Setter dengan sigap mengolah file yang “polos” dari editor menjadi buku di komputernya. Meskipun tidak berbekal pendidikan estetika, tetapi setter dituntut untuk berkreasi sendiri sehingga buku yang terbit nanti memiliki cita rasa seni. Cukup dua hari buku diolah dan diserahkan kembali kepada editor.

Sementara Bejo masih harus berpikir masukan apa yang harus diberikan kepada desain kaver untuk divisualisasikan dalam bentuk kaver yang eye chatching. Dia juga harus berpikir judul apa yang pas untuk bukunya supaya menggugah emosi pembaca untuk membeli.

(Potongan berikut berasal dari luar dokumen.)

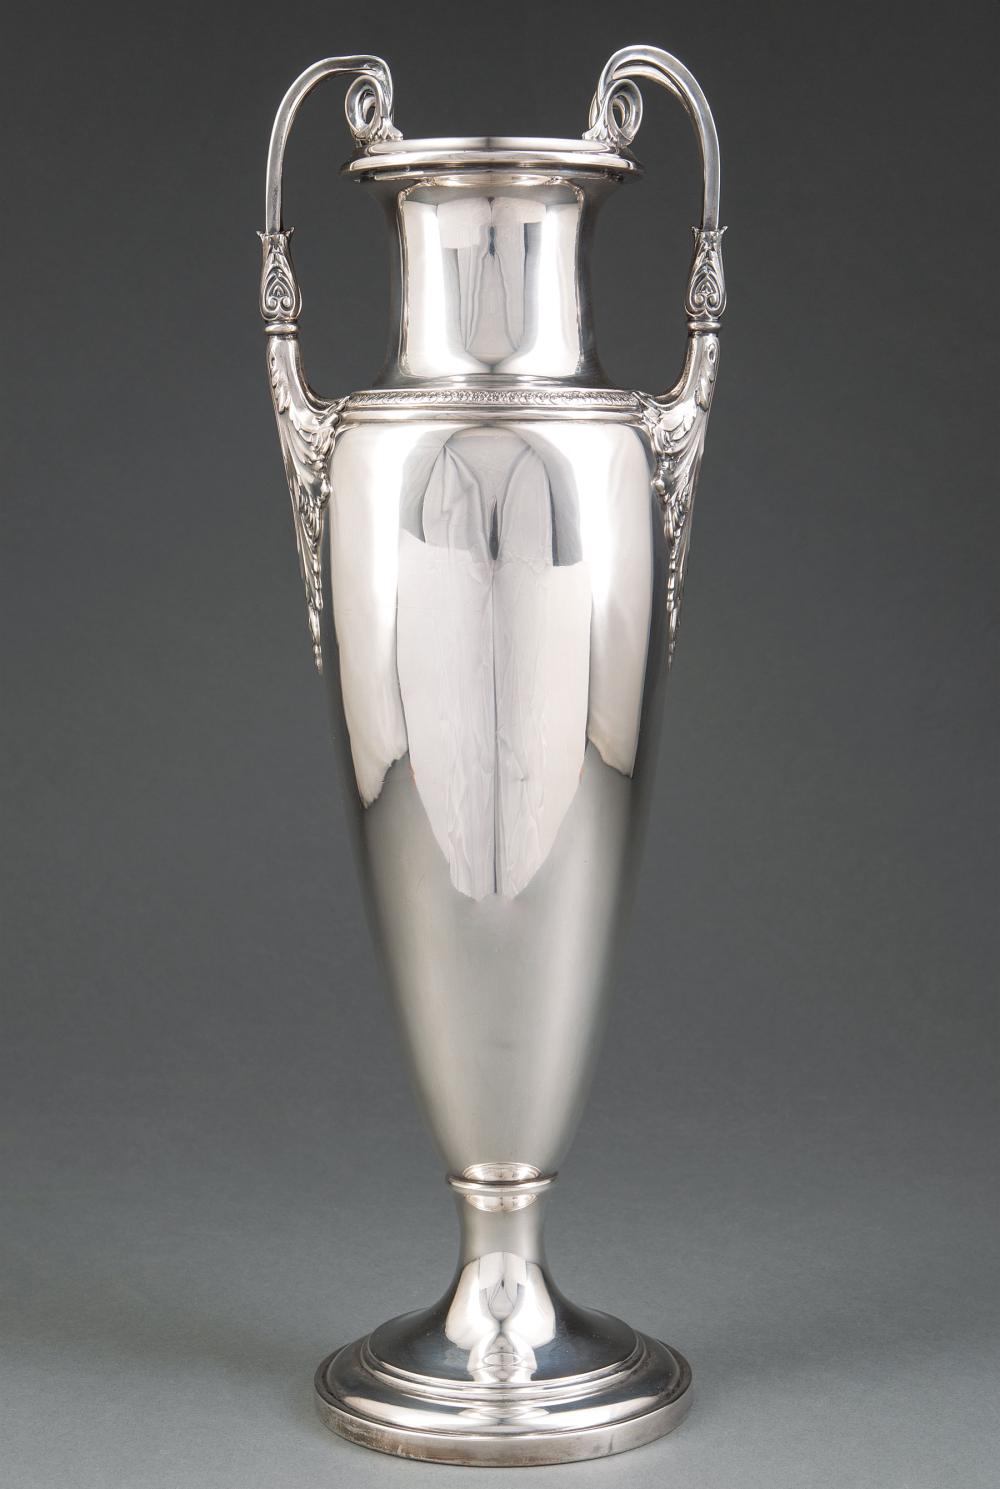 CHARTER CO STERLING SILVER AMPHORA 31a890

Sesaat merenung, tiba-tiba dering telpon berbunyi. Bejo harus menerima penulis yang menyerahkan naskahnya dan memberi apresiasi sekaligus menjanjikan bukunya akan dirapatkan sebulan lagi. Jika diterima maka penulis akan dihubungi, jika ditolak pun akan ditelpon bahwa naskahnya tidak layak terbit. Sesekali dia juga harus browsing untuk mencari naskah buku bagus yang diharapkan “meledak” di pasaran.
Tugas Bejo belum selesai, dia harus mengoreksi ulang hasil dari setter dan menyerahkan hasil koreksi kedua kepada setter untuk dibuat Dummy. Tugasnya belum selesai. Dia masih harus mengawal proses sampai menjadi sebuah buku yang “tanpa-kritik” atau “minim-kritik”. Setiap kesalahan akan menjadi tanggung jawabnya.

Itulah pekerjaan seorang Bejo sebagai editor buku. Dengan fasilitas dan gaji pas-pasan, dia dituntut menjadi profesional. Dia harus memasak buku bercita rasa “bintang lima” dengan upah “kaki lima”. Bejo dituntut menjadi editor multifungsi, karena itu menjadi trend penerbitan masa kini. Namun, Bejo melakukannya dengan senang hati, karena yang dia kerjakan bukan semata-mata untuk dirinya, tetapi untuk memajukan bangsa dengan sesuatu yang bisa dikerjakannya. Hanya buku yang bisa dipersembahkannya, untuk negara yang sangat dia cinta.